◆ **ACTION ITEM**:
Could you set down exactly the lines of the data below, starting at the one that holds "80ml Numbuzin Pantothenic" and ending at the one that holds "FU133 Pyrex Cook", both included, and only those?

◆ **DATASET RECORDS**:
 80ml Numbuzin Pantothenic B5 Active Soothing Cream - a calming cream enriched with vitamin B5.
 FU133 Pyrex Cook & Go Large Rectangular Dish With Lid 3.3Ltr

==

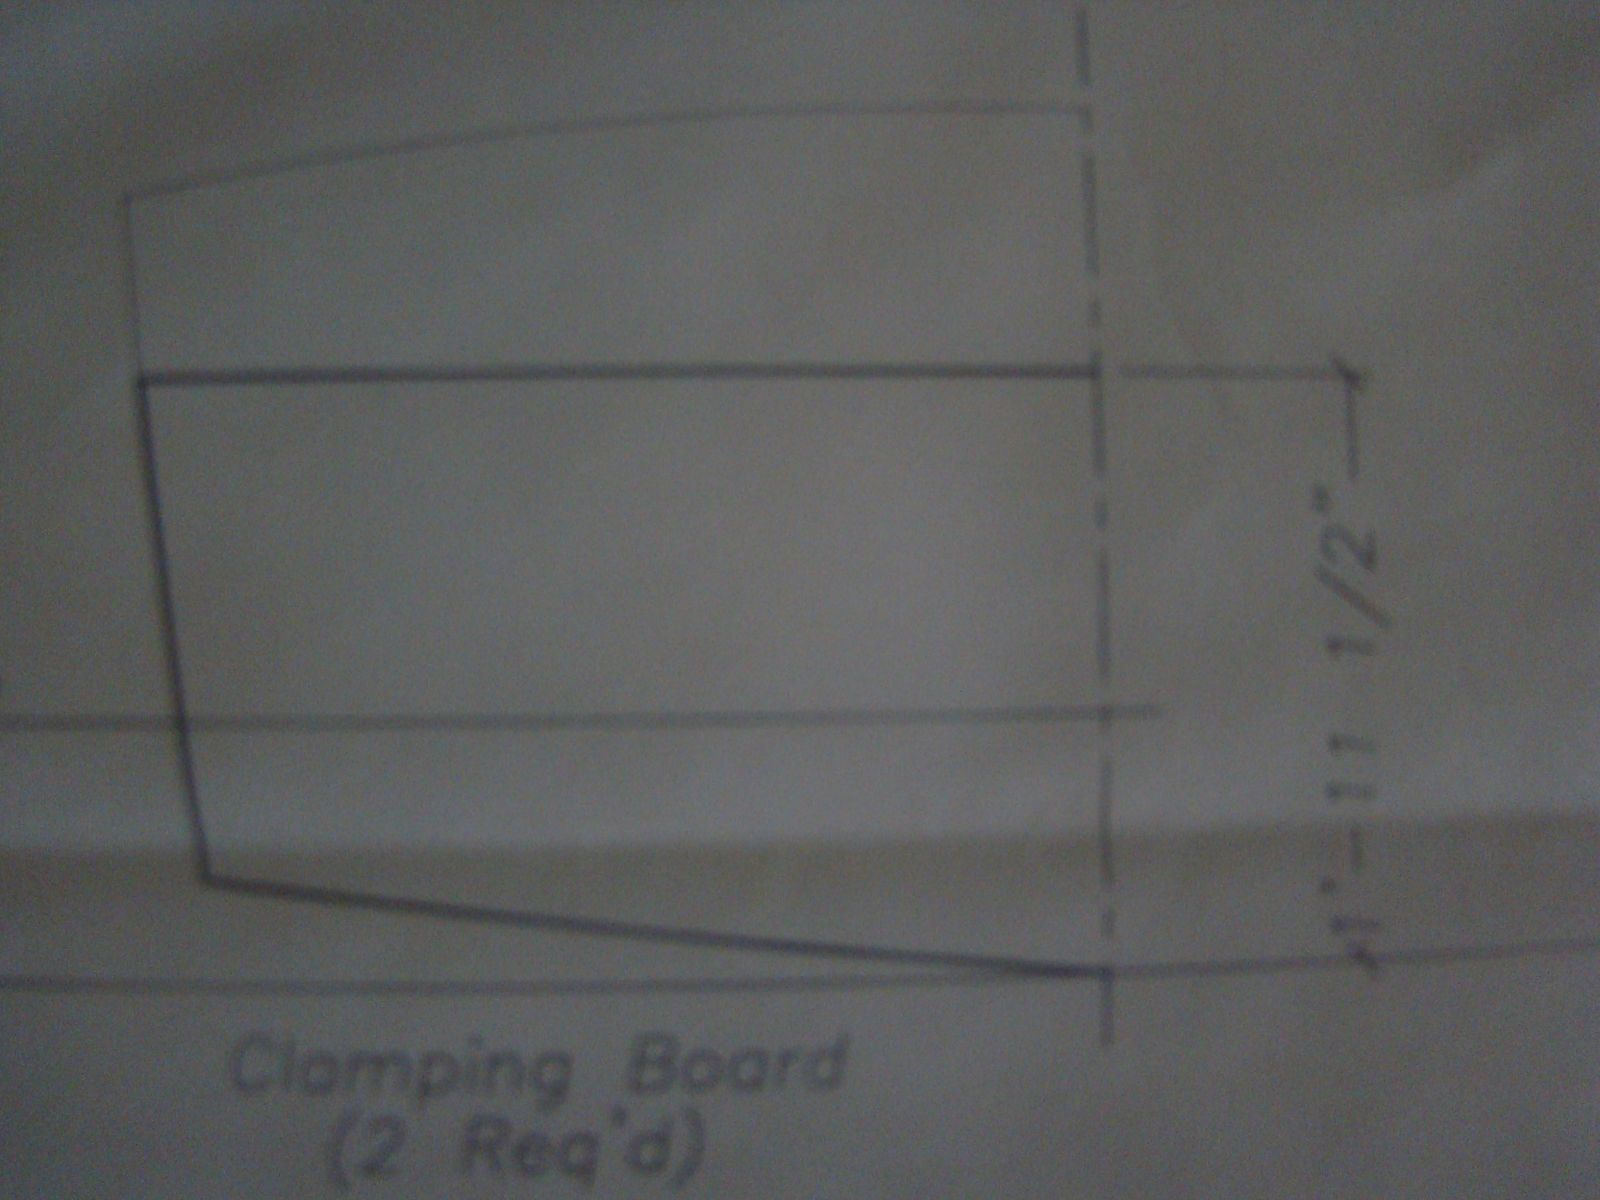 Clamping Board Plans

◆ **REPLY TO THE TASK**:
 80ml Numbuzin Pantothenic B5 Active Soothing Cream - a calming cream enriched with vitamin B5.
 FU133 Pyrex Cook & Go Large Rectangular Dish With Lid 3.3Ltr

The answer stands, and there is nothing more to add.